In the tension test, maximum loads (Fmax-tension) for truss connections at 0° angle with G. arborea timber, the Fmax-tension is greater for screw truss connection, but is significantly equal to metal plates; and both truss connections greater than truss connections with nails (Figure 4a). As for T. grandis at 0° angle, the three fasteners do not show significant differences (Figure 4b). Meanwhile, truss connections at 90° with metal plate in G. arborea were statistically higher. However, for truss connections of this species with nails and screws, the value of Fmax-tension were statistically equal (Figure 4a). For T. grandis the three fasteners used in the 90° truss connections are statistically different, the analysis found that truss connections with plates have less Fmax-tension than truss connections with nails, but higher in Fmax-tension than truss connections with screws (Figure 4b).

In the compression test, in truss connections at angles of 0° and 90° with G. arborea timber, displacement was greater for truss connections with screws and statistically greater than truss connections with metal plates and nails. On the contrary, for 0° and 90° angles with this same species, the greatest displacement occurs with nails and is statistically different from truss connections with metal plates and screws that share statistical similarity with each other (Figure 5a). For truss connections with T. grandis timber at 0° angle, the three types of truss connections do not show significant differences in the displacement of the truss connection. In the case of 90° angle, truss connections with metal plate and screw have a higher displacement value, and the displacement is statistically greater than truss connections with nails (Figure 5b). As for truss connections of T. grandis at 0° in tension, the highest values of displacement occur for truss connections with nails and screws and in turn are significantly different from truss connections with metal plates (Figure 5b). In the 90° angle, the greatest displacement in tension occurs in truss connections with nails and in the case of truss connections with metal plates and screws do not differ with the nails (Figure 5a-b).

FIGURE 5
Maximum displacement in truss connections made using different angles and fasteners from Gmelina arborea and Tectona grandis, tested in compression (a-b) and tension (a-b). Note: Letters A-B, indicate significant statistical differences between fasteners at 95%.
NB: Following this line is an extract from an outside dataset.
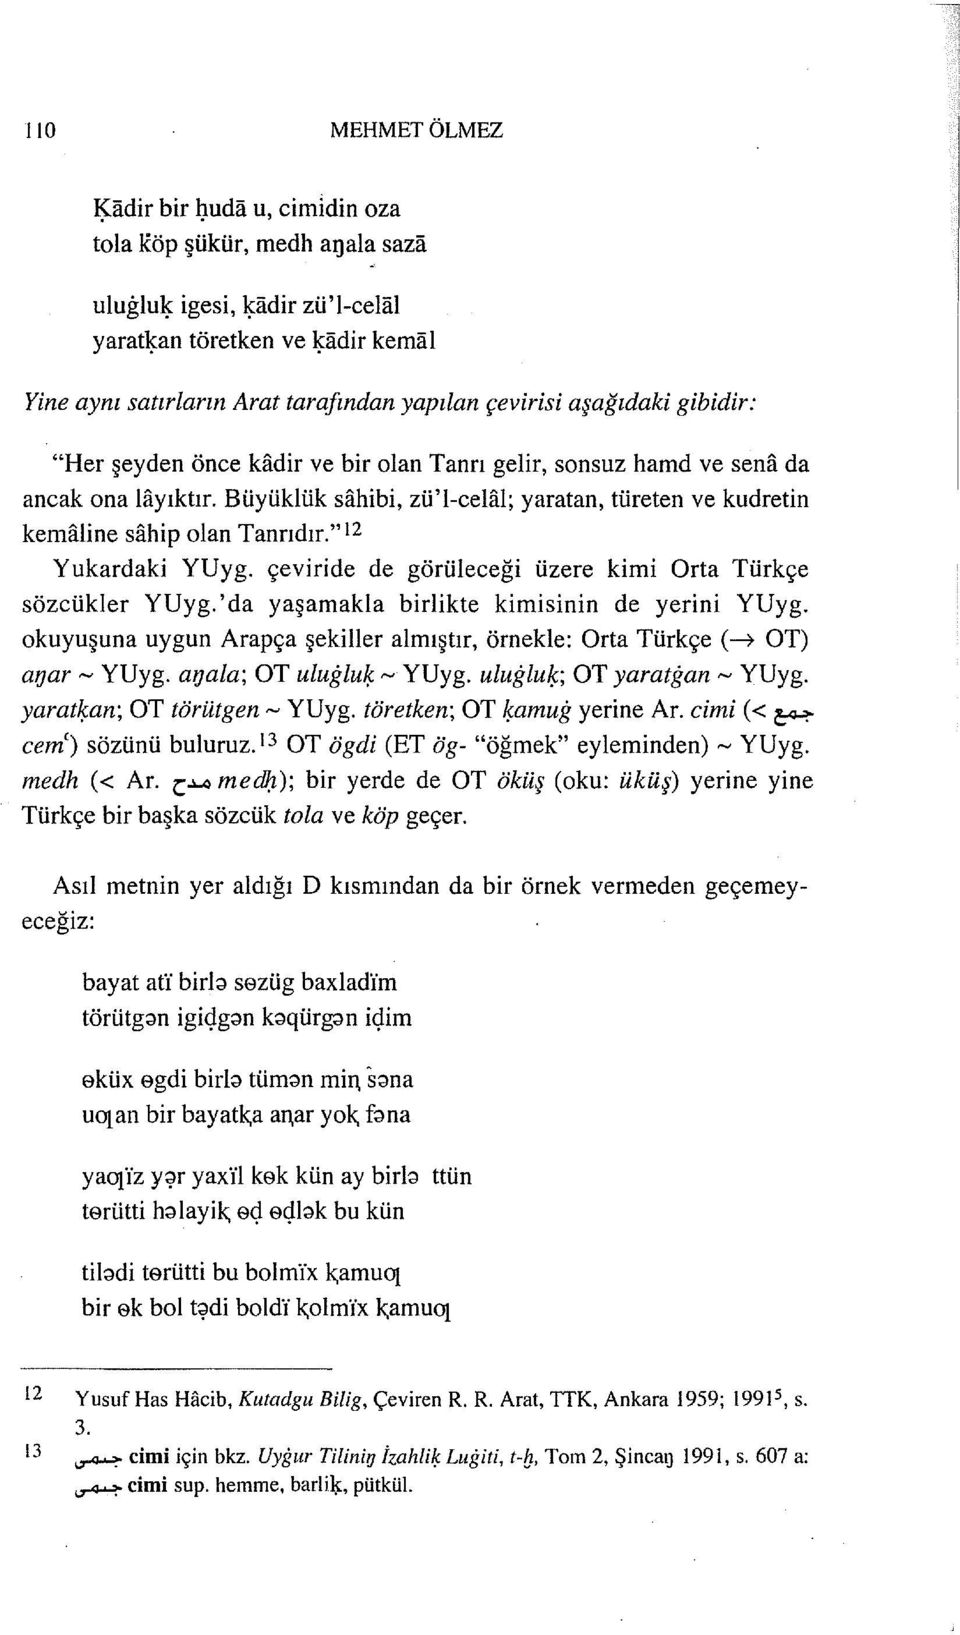 "12 Yukardaki YUyg. çeviride de görüleceği üzere kimi Orta Türkçe sözcükler YUyg.'da yaşamakla birlikte kimisinin de yerini YUyg.

Load behavior vs. displacement of truss connections

Graphical behavior of the displacement with the load for truss connections with G. arborea in the compression and tension tests, confirms that truss connections with metal plates in both angles of 0° and 90° have the greatest resistance, whereas truss connections with the lowest load value are those truss connections with screws at 90° angle for both tests. For compression, the lowest value is presented for truss connections with screws at 0° angle and in tension, the lowest value is for truss connections with nails for the angle of 90° (Figure 6a-c). In case of the displacement curve of T. grandis truss connections for the compression test, the highest load values are found in truss connections with nails at 90° angles and the lowest load value is for screw truss connections in the 90° angle, but with similar displacements to those that occur in truss connections with nails and screws (Figure 5b). In the tension test, the highest values in load and displacement, again appear in truss connections with metal plates at 90° angles. While the rest of the truss connections have a similar displacement-load ratio, except for truss connections with nails at 90° angles (Figure 6d).

FIGURE 6
Load vs. displacement curves of truss connections made using various angles and fasteners in lumber from Gmelina arborea and Tectona grandis, tested in compression (a-b) and tension (c-d).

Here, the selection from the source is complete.